A few months ago, I posted about writing as our superpower. One of the things that makes that power so super and immutable and important is the ability to make readers walk in the shoes of the ‘other’. Stories take us places we’d never go in real life and introduce us to people we’d never meet otherwise. It’s especially important that an author empathize (and make the reader empathize) with the protagonist, even when she’s doing stupid or dangerous or infuriating things. Even when she’s weak or making bad choices or not living up to the challenges we’ve given her. Empathy allows us to go deep with the character to understand why she’s making these choices, because within the bounds of the story, we view the world and feel her feelings from her perspective. But what about the antagonist, especially if s/he goes into some seriously dark territory and does some truly heinous things?
When it came to my own antagonist for this new story, I was having a hard time finding a way into his world. I could figure out his motivations/justifications he would make, I could come up with the delusional excuses he would tell himself to make his devastating actions make sense or even seem like the only option in his world. But I couldn’t really call it empathy. Not for this guy. Not for this crime.
Enter real life, in one of those aha! moments that turn a problem on its head so you can ponder it from a different angle. On Saturday, I attended one of the sister marches of the March on Washington. If you’ve been anywhere on the internet for the past few days, you’ve no doubt seen some of the wonderful and funny and inspiring signs protesters carried. One that stuck with me said, “I will not tolerate intolerance.” Later I realized that this, THIS was what I’d run up against in my story and my life. I can see the underlying fears that might lead people to hold those views. I can realize there are life experiences (or lack thereof) that cause misunderstanding and lack of knowledge about ‘the other’ that allows lies and suspicion to fester. I can even acknowledge there are differences in our brains make some people more tolerant of messages and threats that I process as authoritarian and possibly worse. But I won’t tolerate intolerance, love hatred, or be open-minded about bigotry. I can’t take that extra step into empathy for these world views and values. I have found my line in the sand, but I have not found and might not ever find a way to cross it.
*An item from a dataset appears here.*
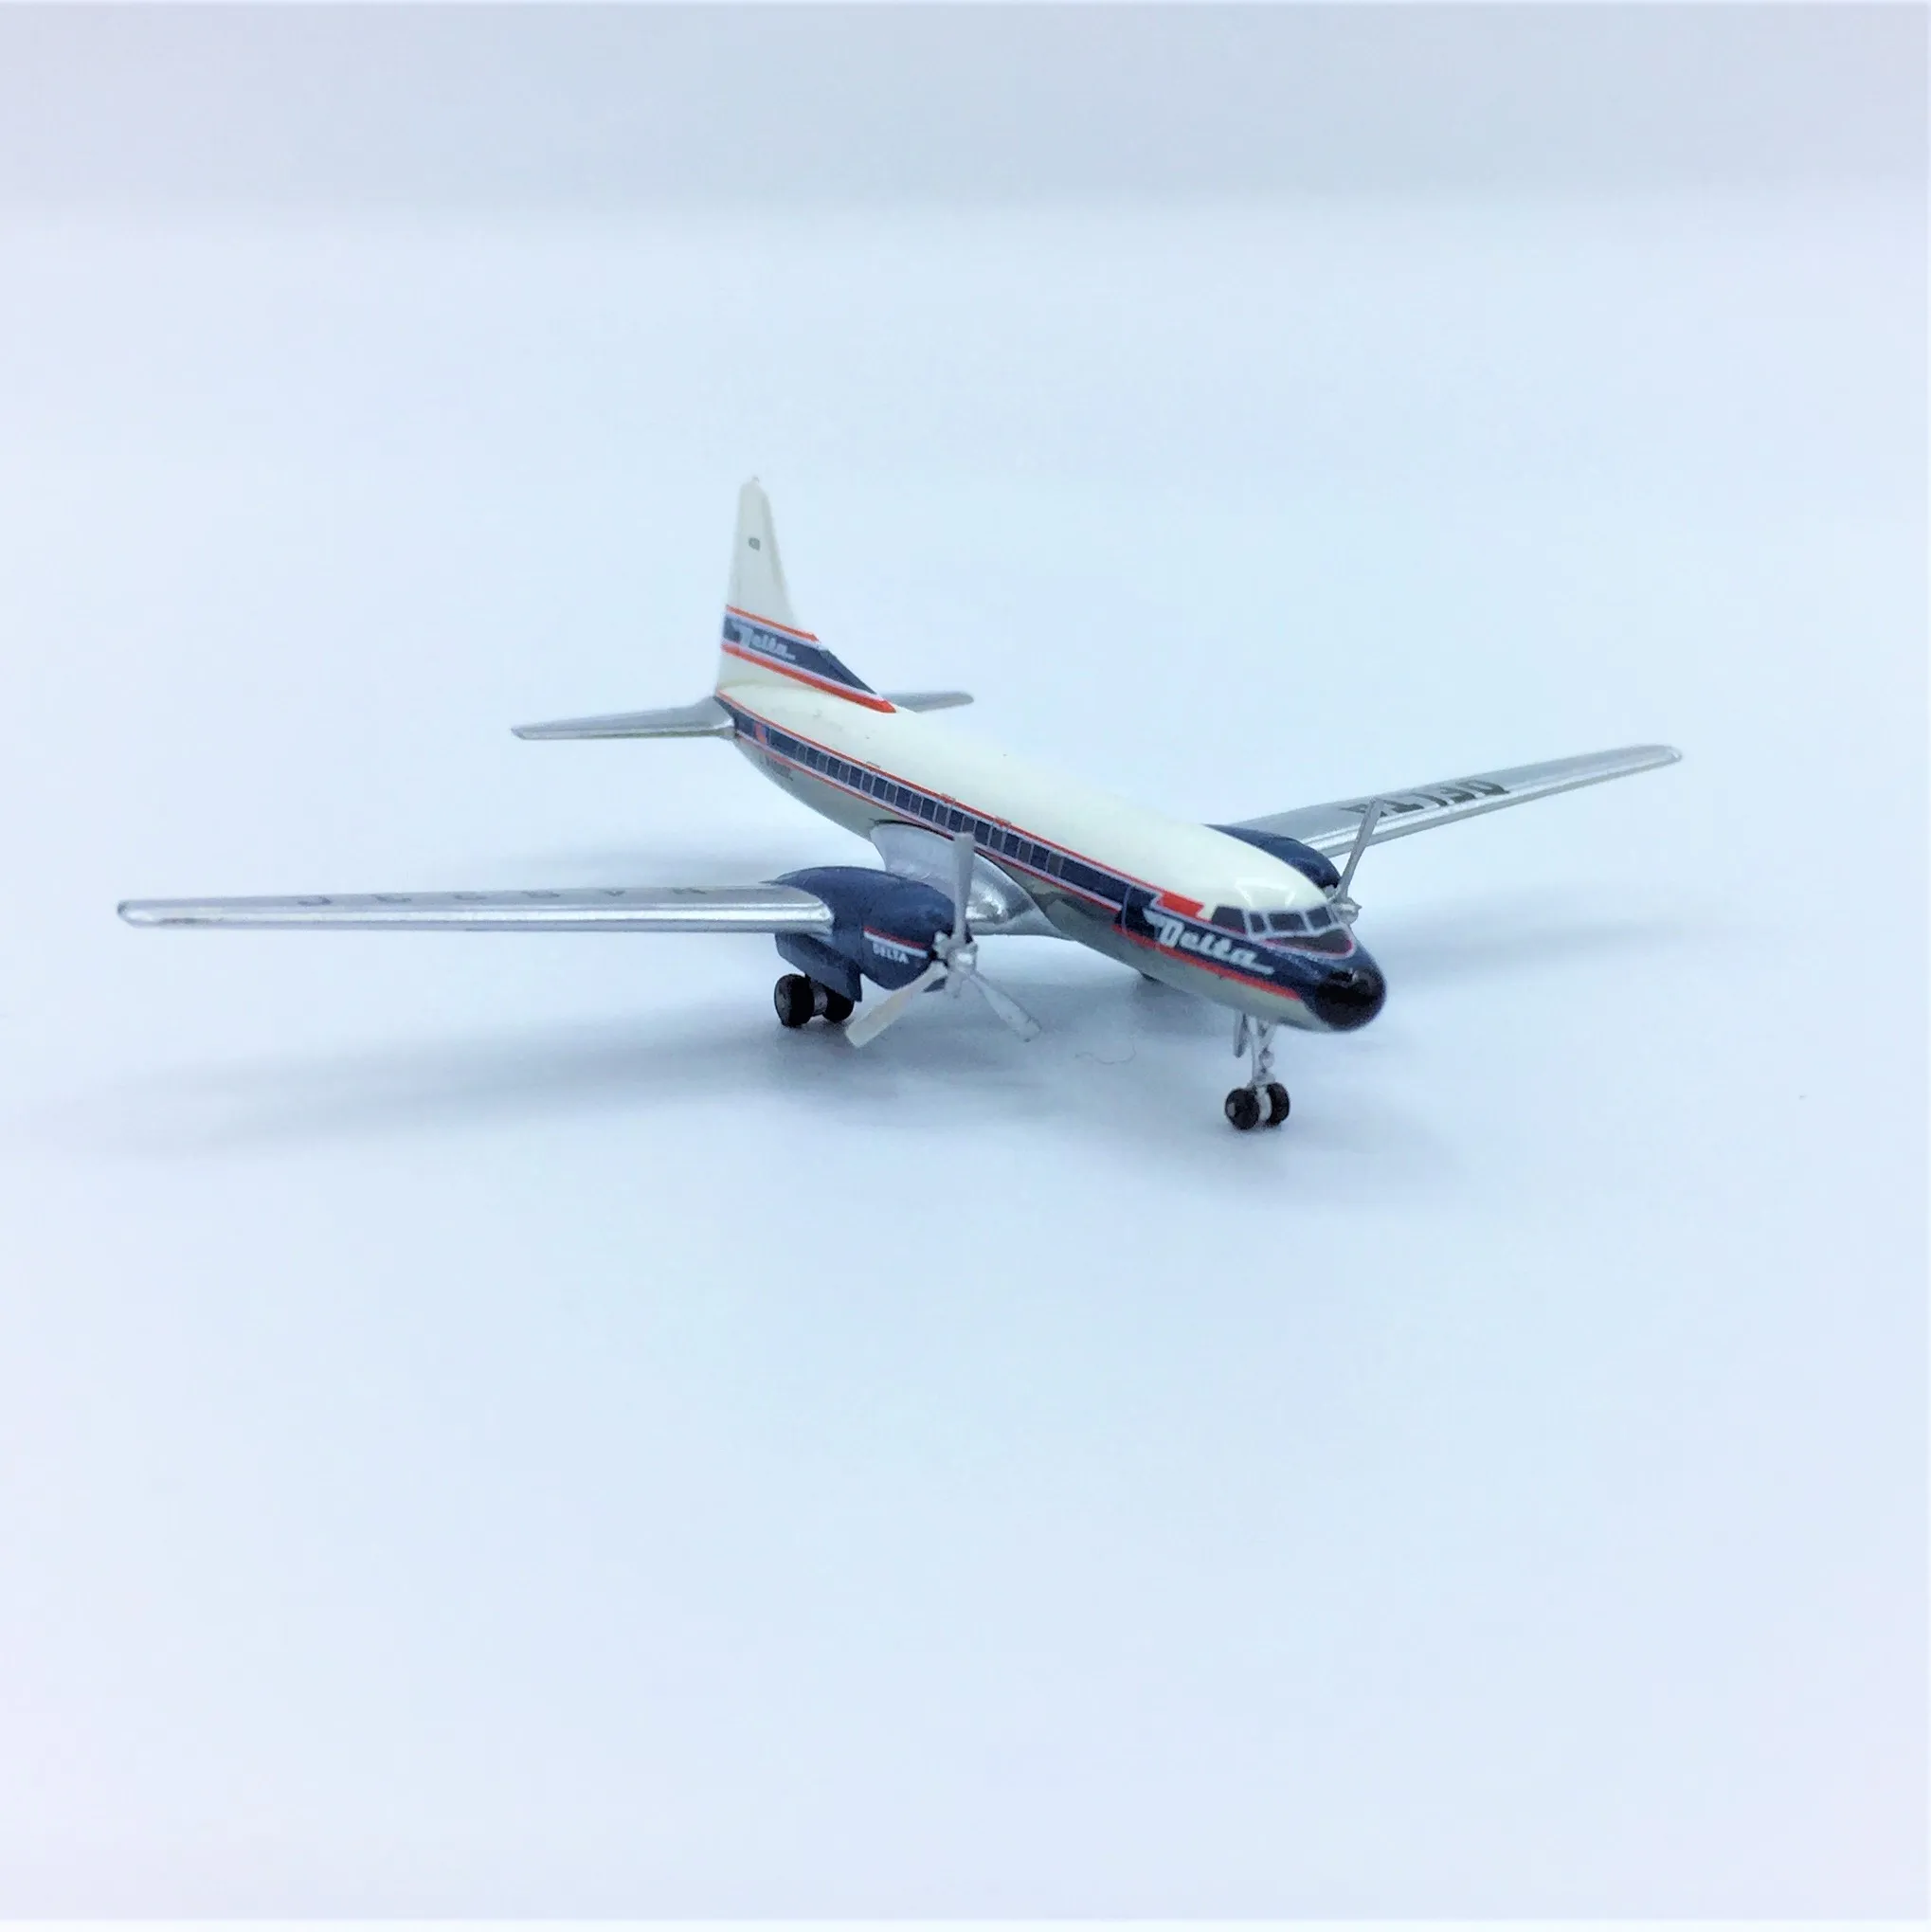 model aircraft for sale

I’m still processing what this all means for my writing process and my characters, particularly my oh-so-problematic antagonist. Maybe understanding his motivations and acknowledging the experiences that have brought him to his world view is enough. But I want to take care not to write him as a cliche or to write his crime or its aftermath as gratuitous, and I worry that without that empathetic perspective, that deep-dive understanding, I run the risk of doing just that.
Have you read a story with a well-rounded, non-cliche character for whom you intellectually ‘understood’ motives, but with whom you couldn’t empathize? Have you written a character like that? What did you do to ensure your reader wouldn’t close the book or throw it against the wall?